Hopefully not many have this problem and GM was able to correct it with the newer 2012 into 2013 models. This sound like very poor quality control on GMs part. Its like the sparkplug issue just screw them in and never check the fittings/gaps.


----------



## blk88verde (Apr 30, 2011)

Sorry to hear about your Cruze. What octane fuel are you using?


----------



## titan2782 (Nov 4, 2011)

Wonder if this has something to do with the issue Vince posted about (the one requiring a catch can). Why the heck would your rings go out? You running N20?! I wouldn't be ok with "oh, it needs some new parts". Obviously it needs new parts! What happened to the old ones is the question and what are you going to do to prevent it from happening again?


----------



## XtremeRevolution (Jan 19, 2012)

titan2782 said:


> Wonder if this has something to do with the issue Vince posted about (the one requiring a catch can). Why the heck would your rings go out? You running N20?! I wouldn't be ok with "oh, it needs some new parts". Obviously it needs new parts! What happened to the old ones is the question and what are you going to do to prevent it from happening again?

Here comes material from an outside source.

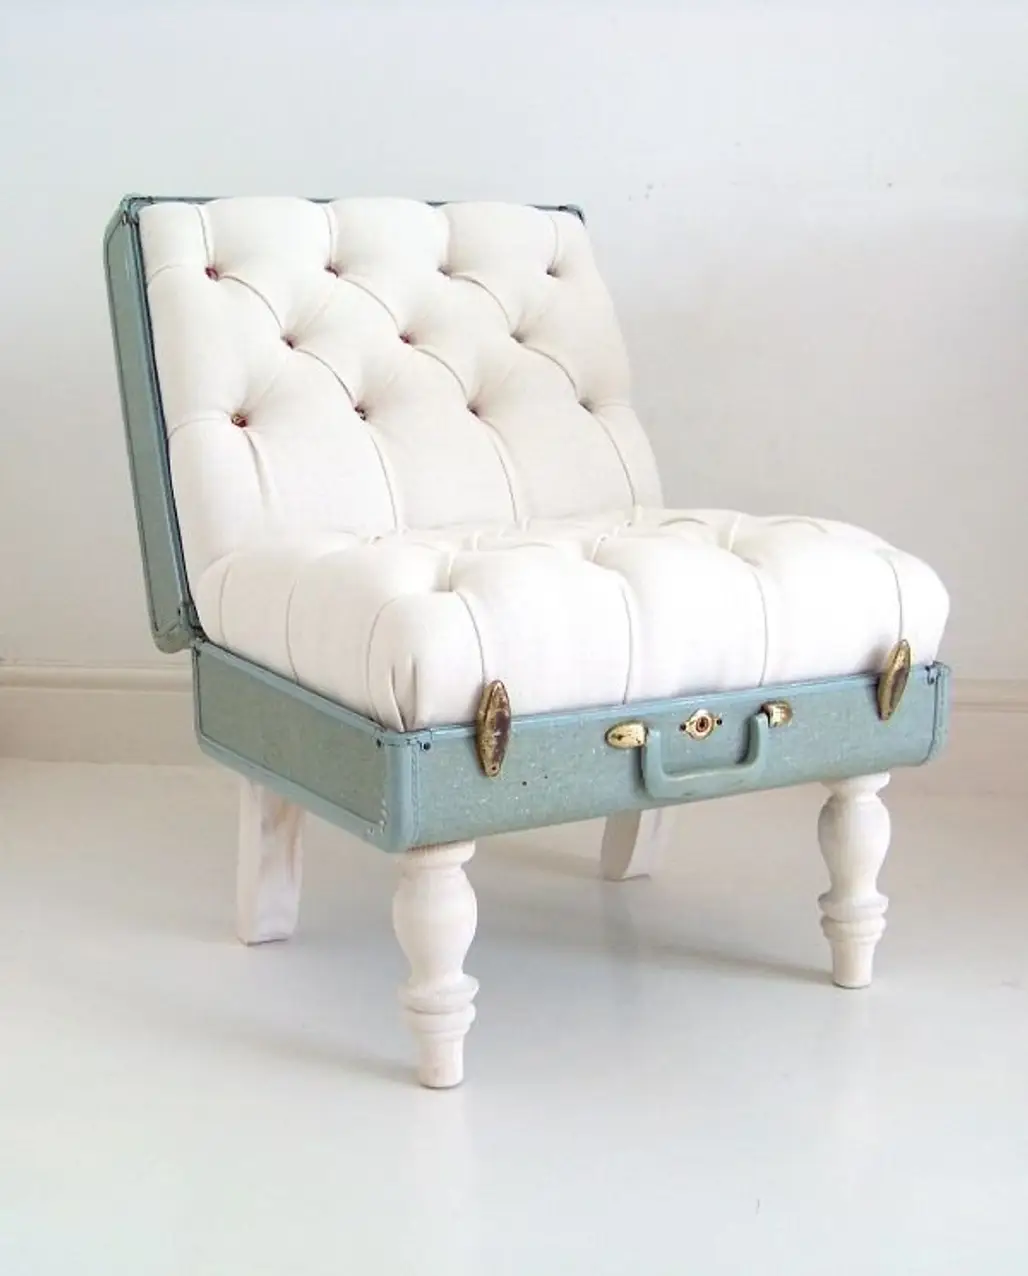 The Suitcase Chair
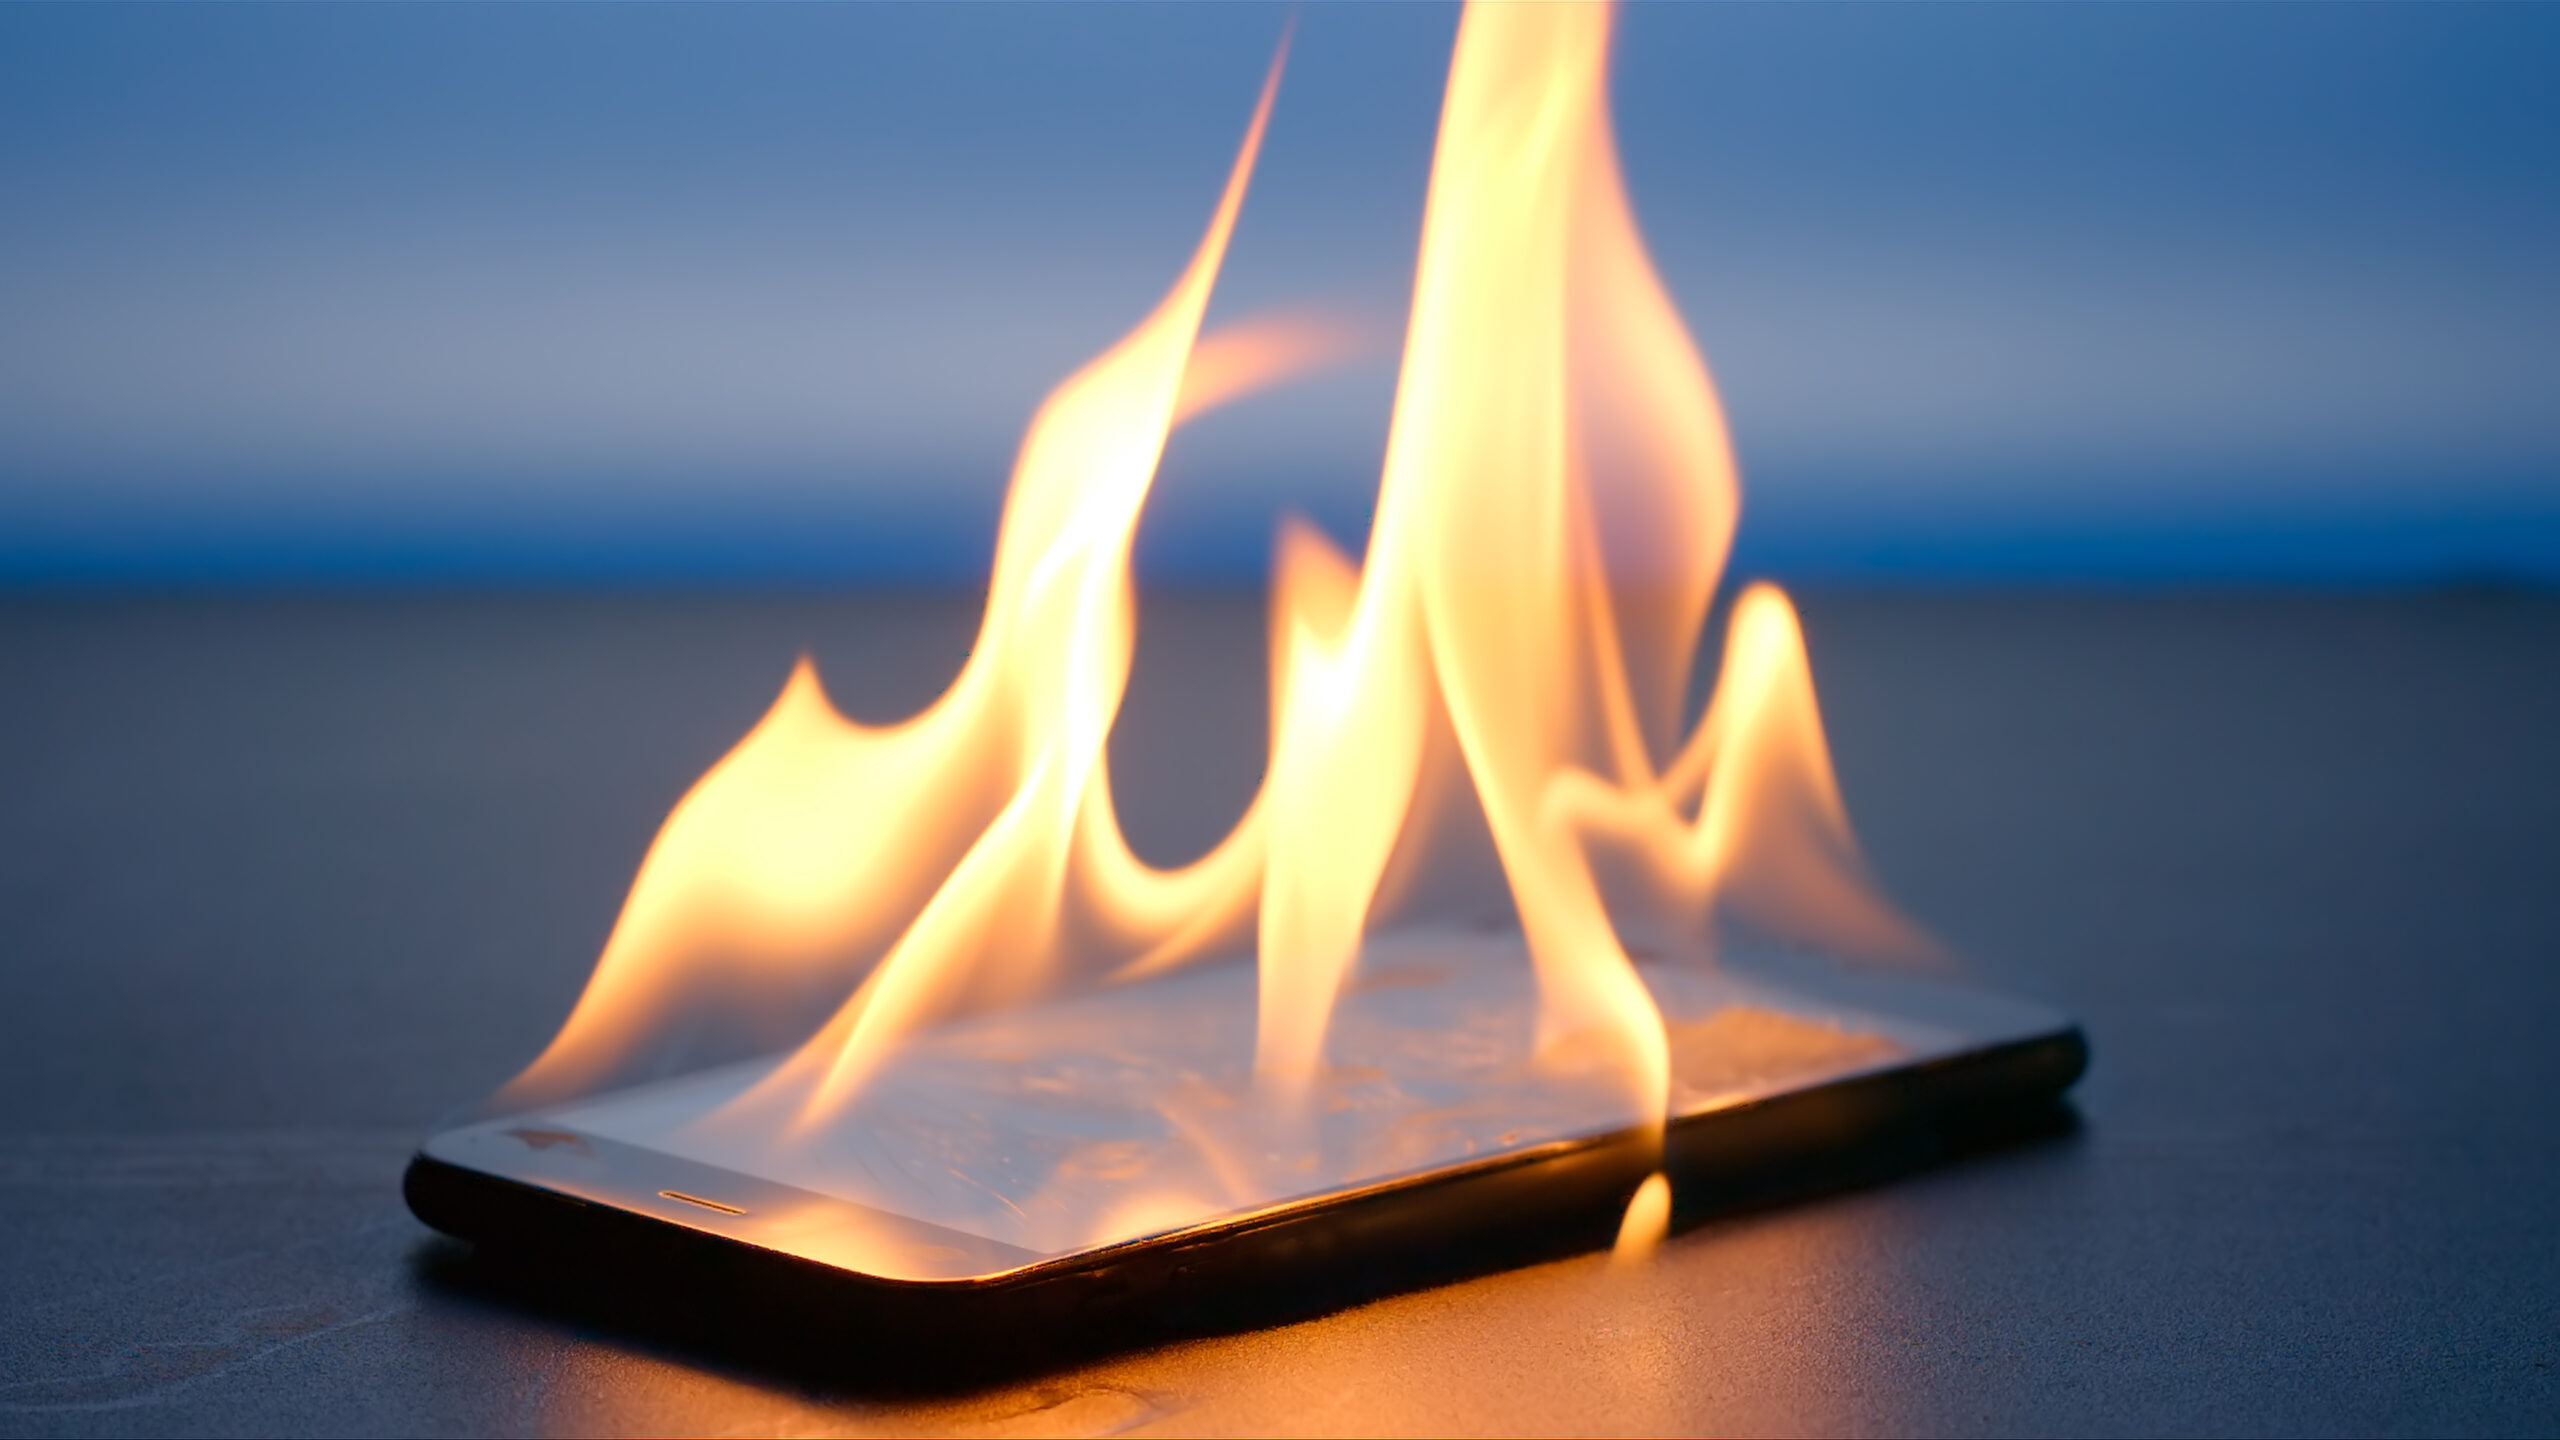 Smartphone is burning on a table on a blue background

I'm fairly certain this was part of a limited batch of Cruzes that had defective pistons. It's not the first time we've seen it, but it is very uncommon. If they replace the pistons, they'll naturally replace the piston rings as well.


----------



## titan2782 (Nov 4, 2011)

XtremeRevolution said:


> I'm fairly certain this was part of a limited batch of Cruzes that had defective pistons. It's not the first time we've seen it, but it is very uncommon. If they replace the pistons, they'll naturally replace the piston rings as well.


Right, but I assumed the rings went out first causing the piston to go.


----------



## Sunline Fan (Jul 29, 2012)

XtremeRevolution said:


> I'm fairly certain this was part of a limited batch of Cruzes that had defective pistons. It's not the first time we've seen it, but it is very uncommon. If they replace the pistons, they'll naturally replace the piston rings as well.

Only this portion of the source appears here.